* [Exercise data]:
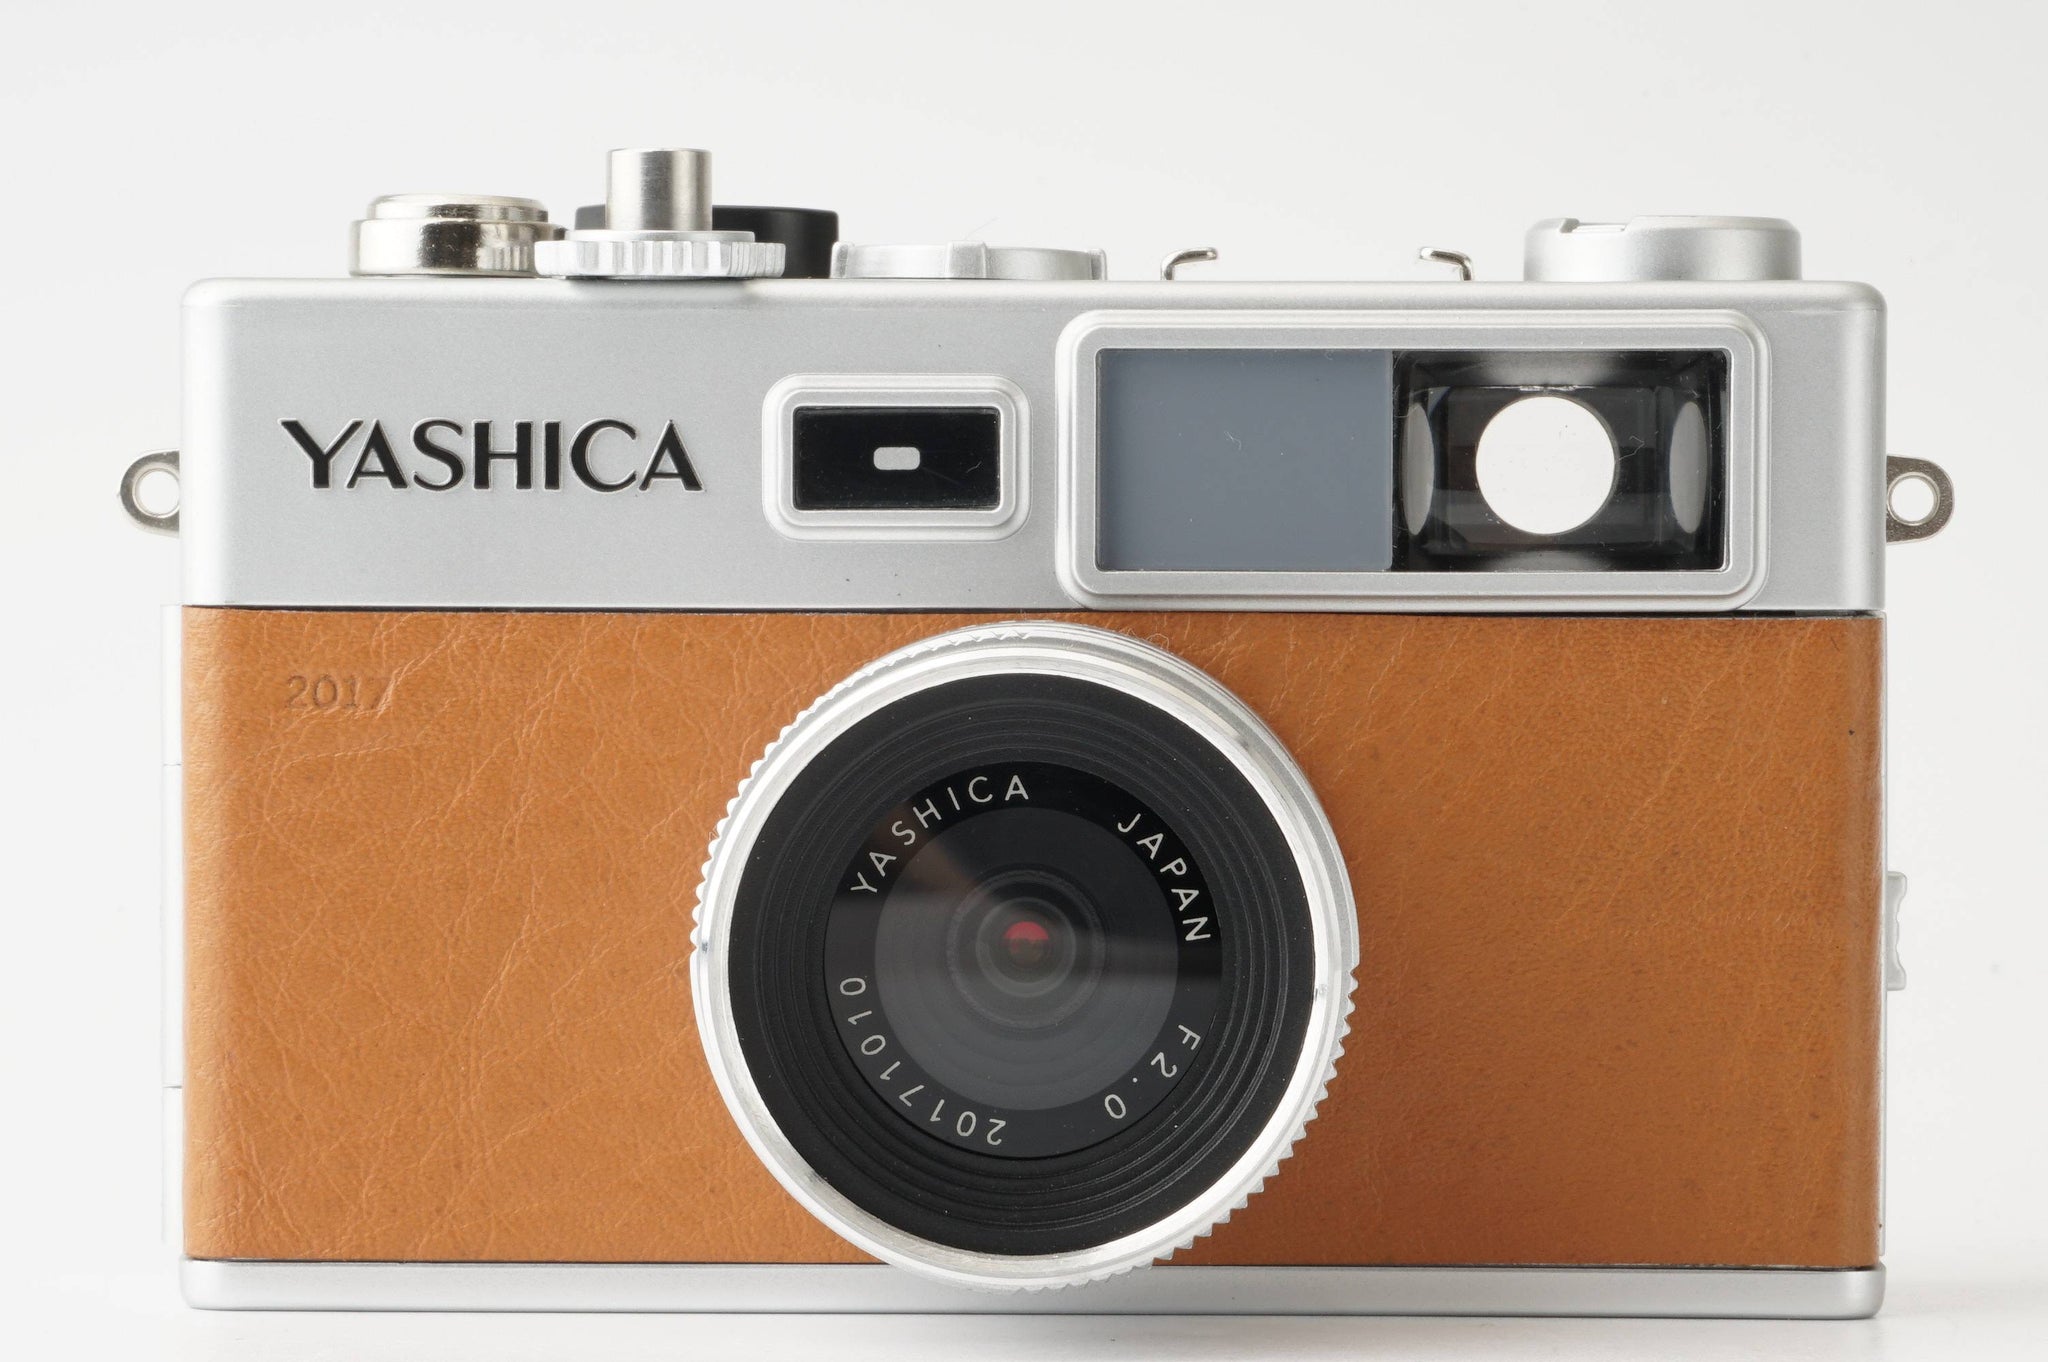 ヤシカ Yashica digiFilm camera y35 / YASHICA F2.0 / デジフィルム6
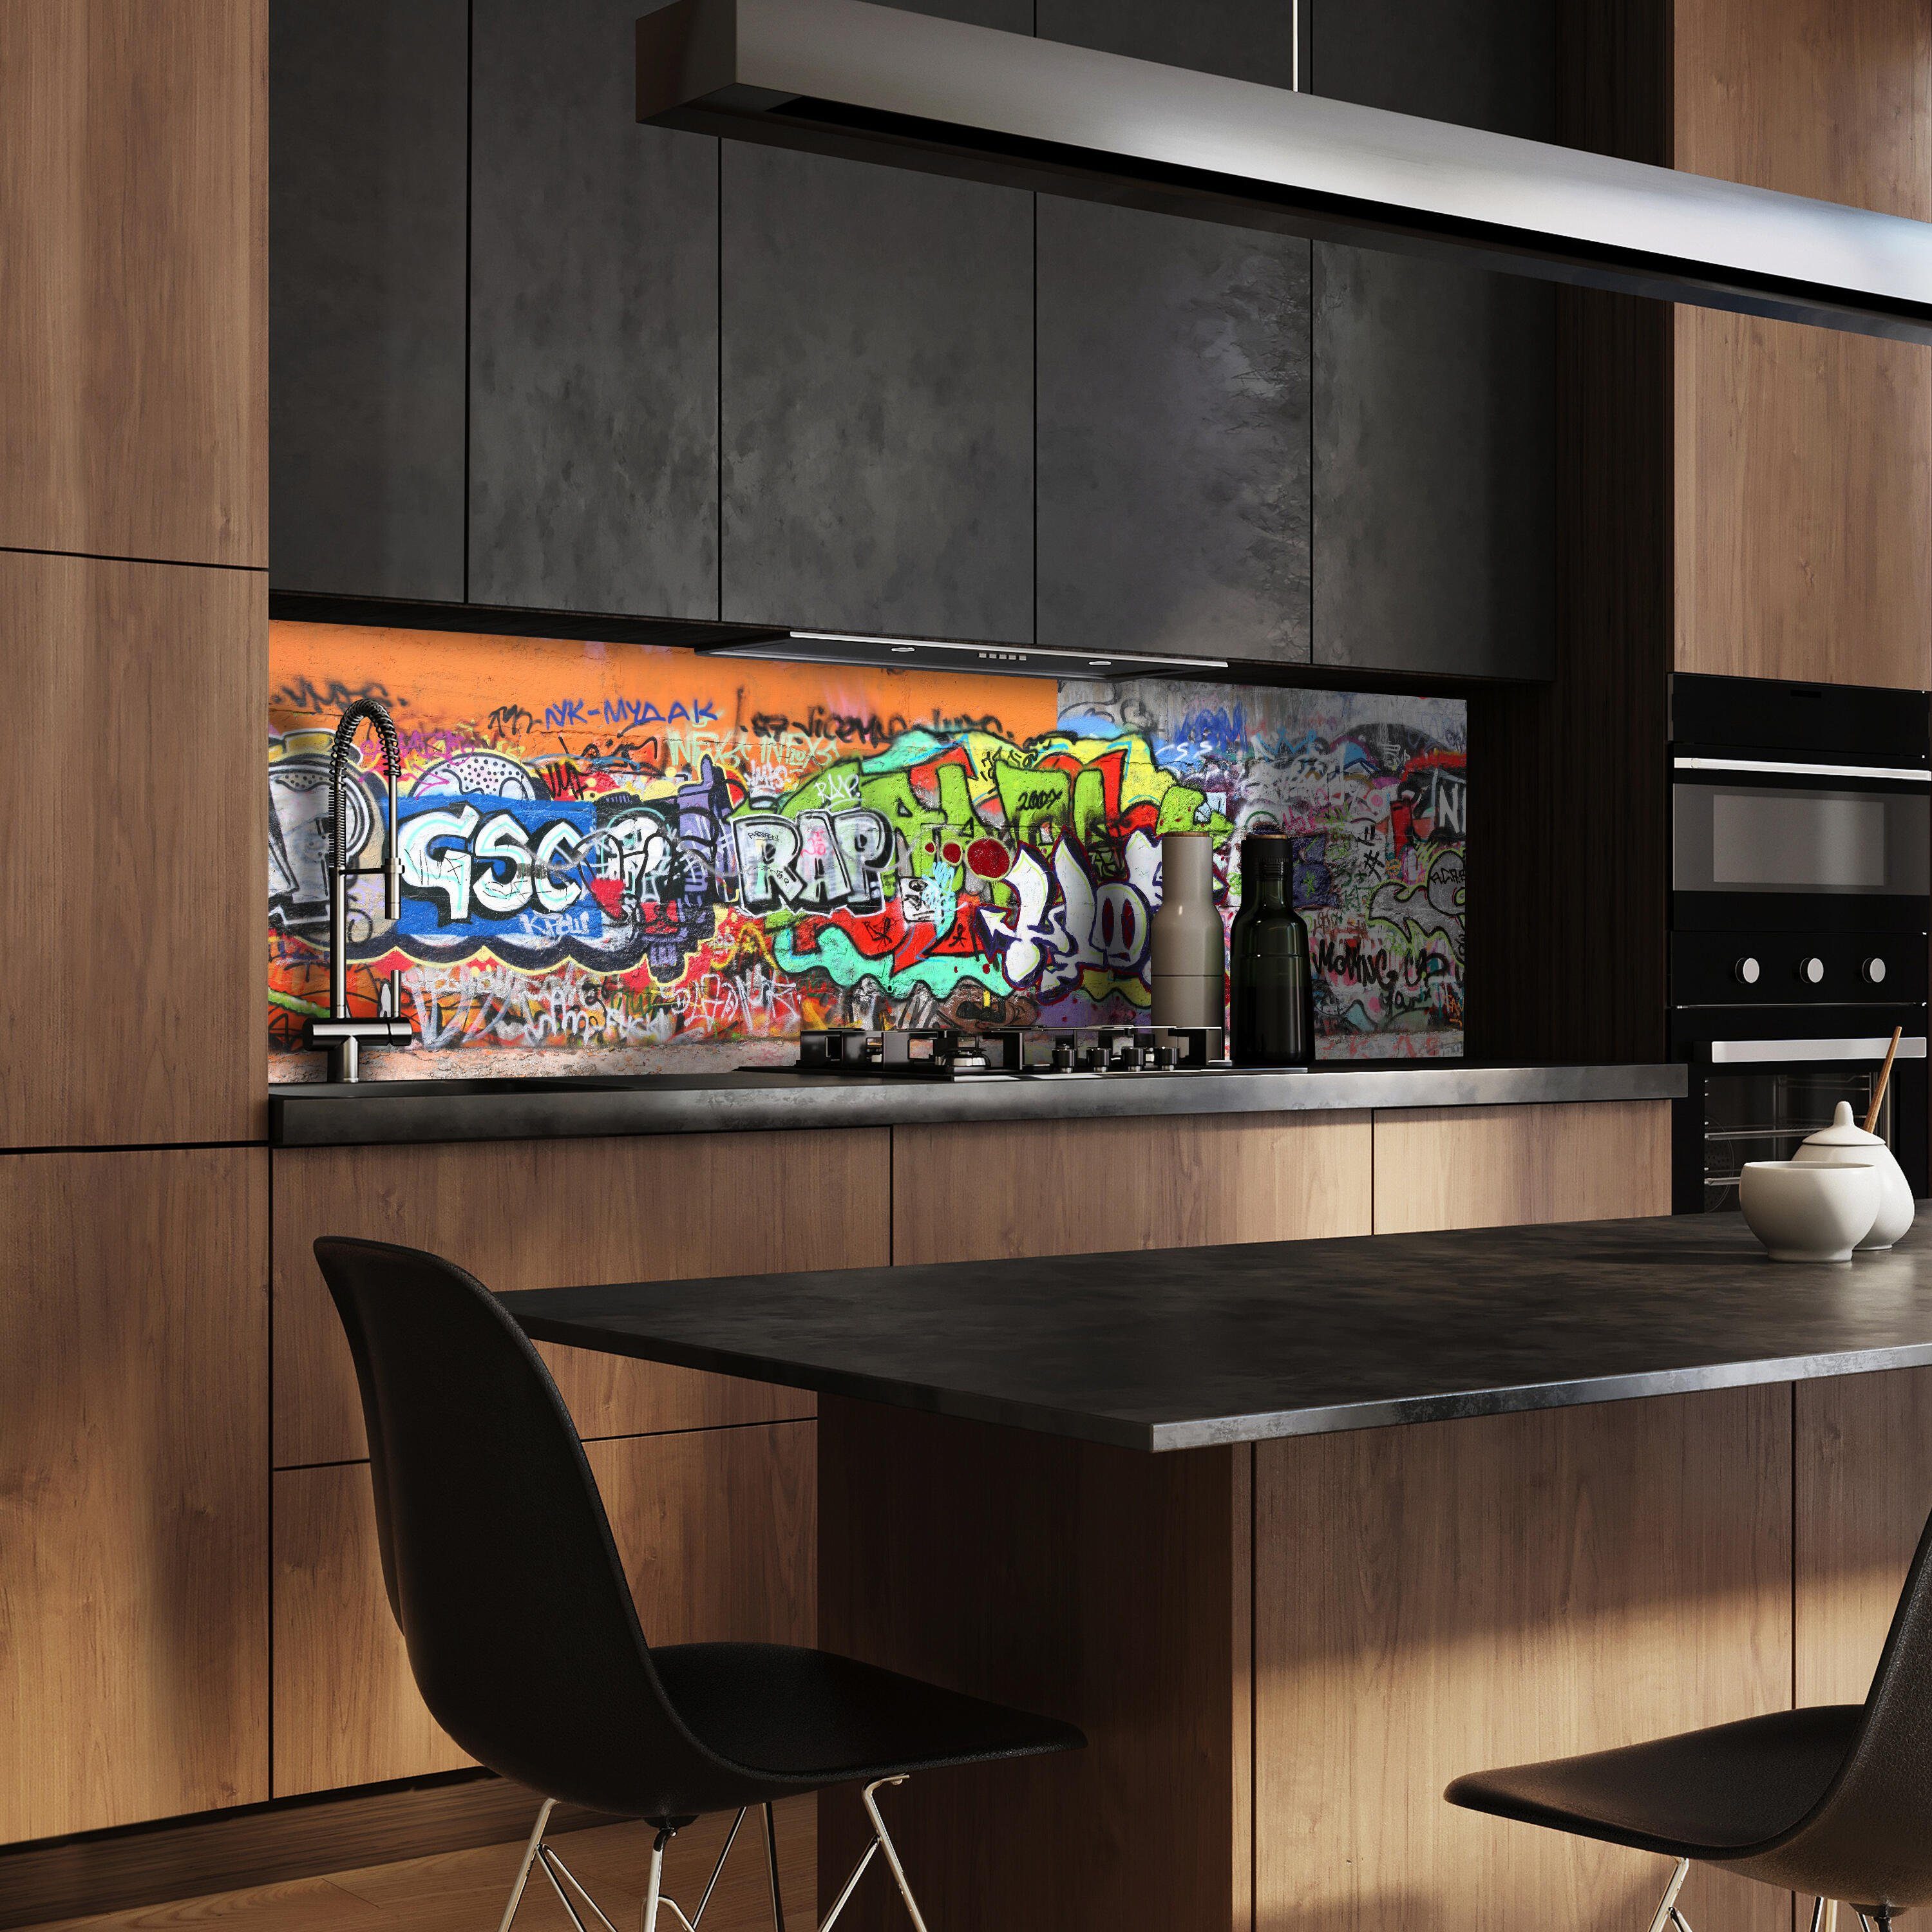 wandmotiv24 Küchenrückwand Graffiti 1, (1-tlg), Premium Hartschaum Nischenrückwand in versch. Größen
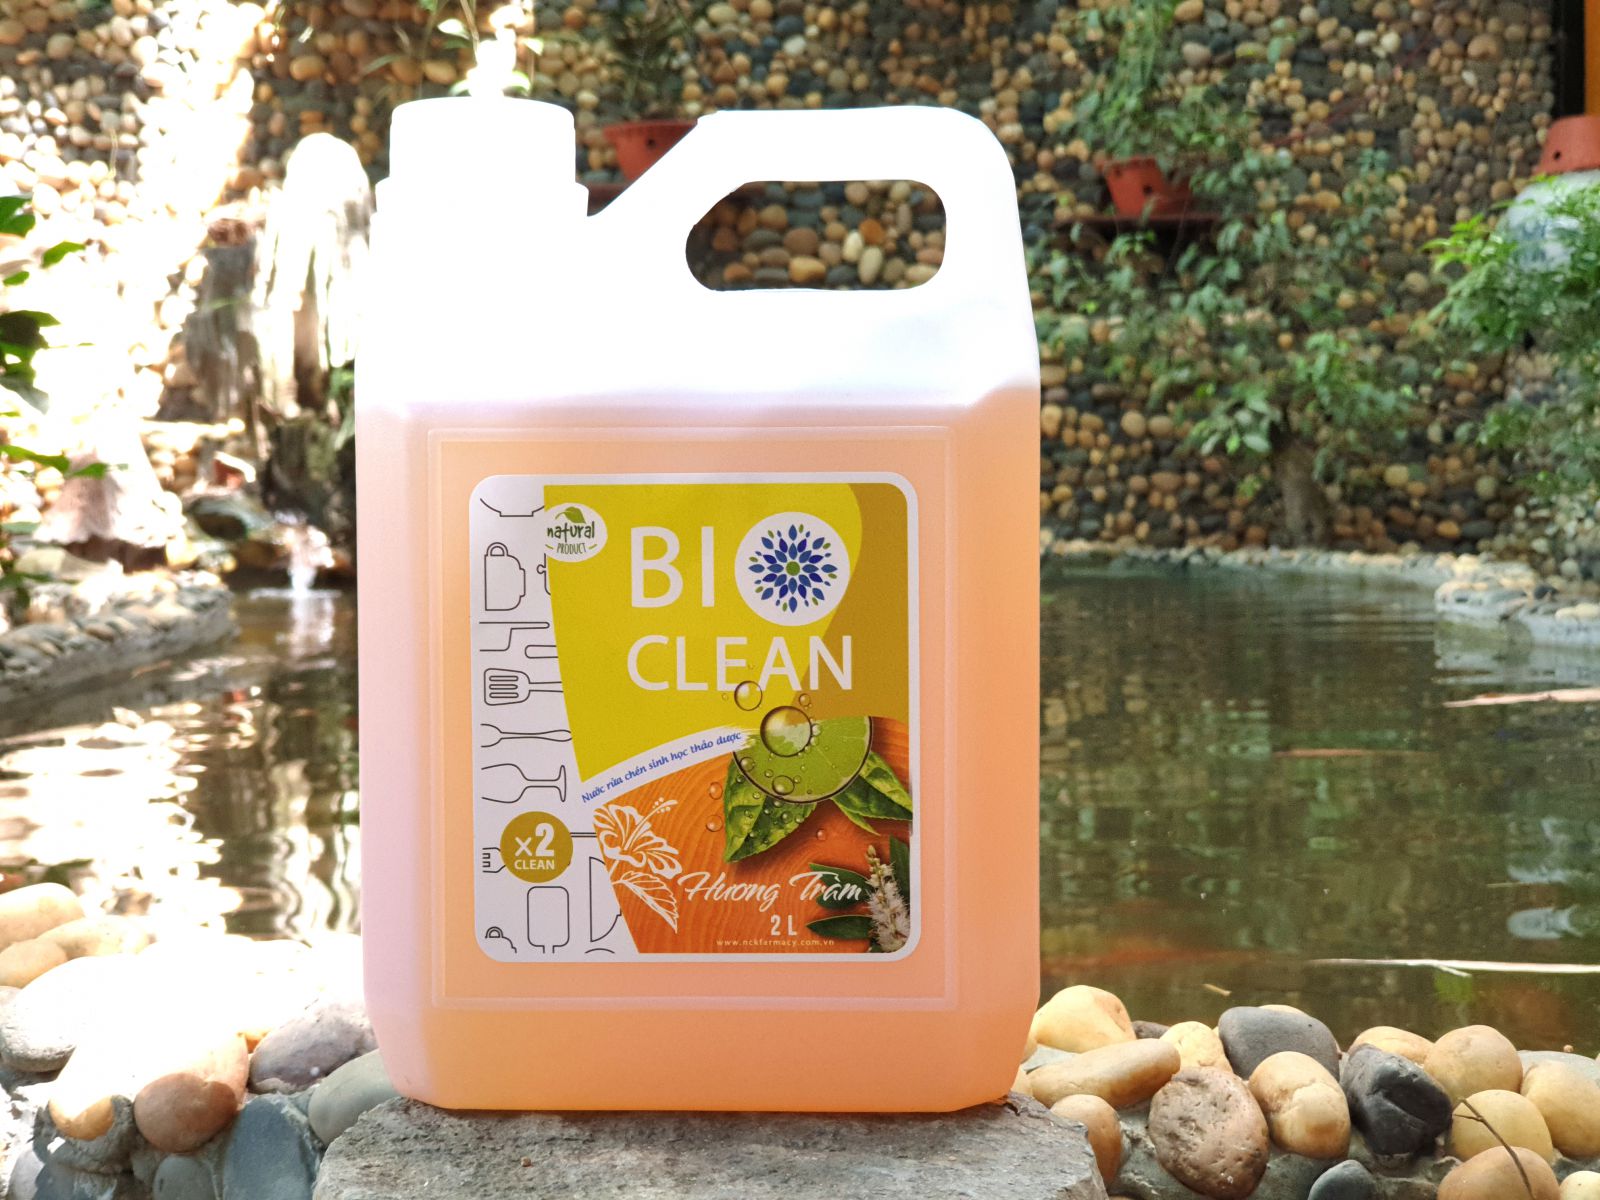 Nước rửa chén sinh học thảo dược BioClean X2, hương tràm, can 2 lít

* [Work to complete]:
Could you retype the whole listing word for word, minus its pictures?

* [Problem solution]:
 ヤシカ Yashica digiFilm camera y35 / YASHICA F2.0 / デジフィルム6
 wandmotiv24 Küchenrückwand Graffiti 1, (1-tlg), Premium Hartschaum Nischenrückwand in versch. Größen
 Nước rửa chén sinh học thảo dược BioClean X2, hương tràm, can 2 lít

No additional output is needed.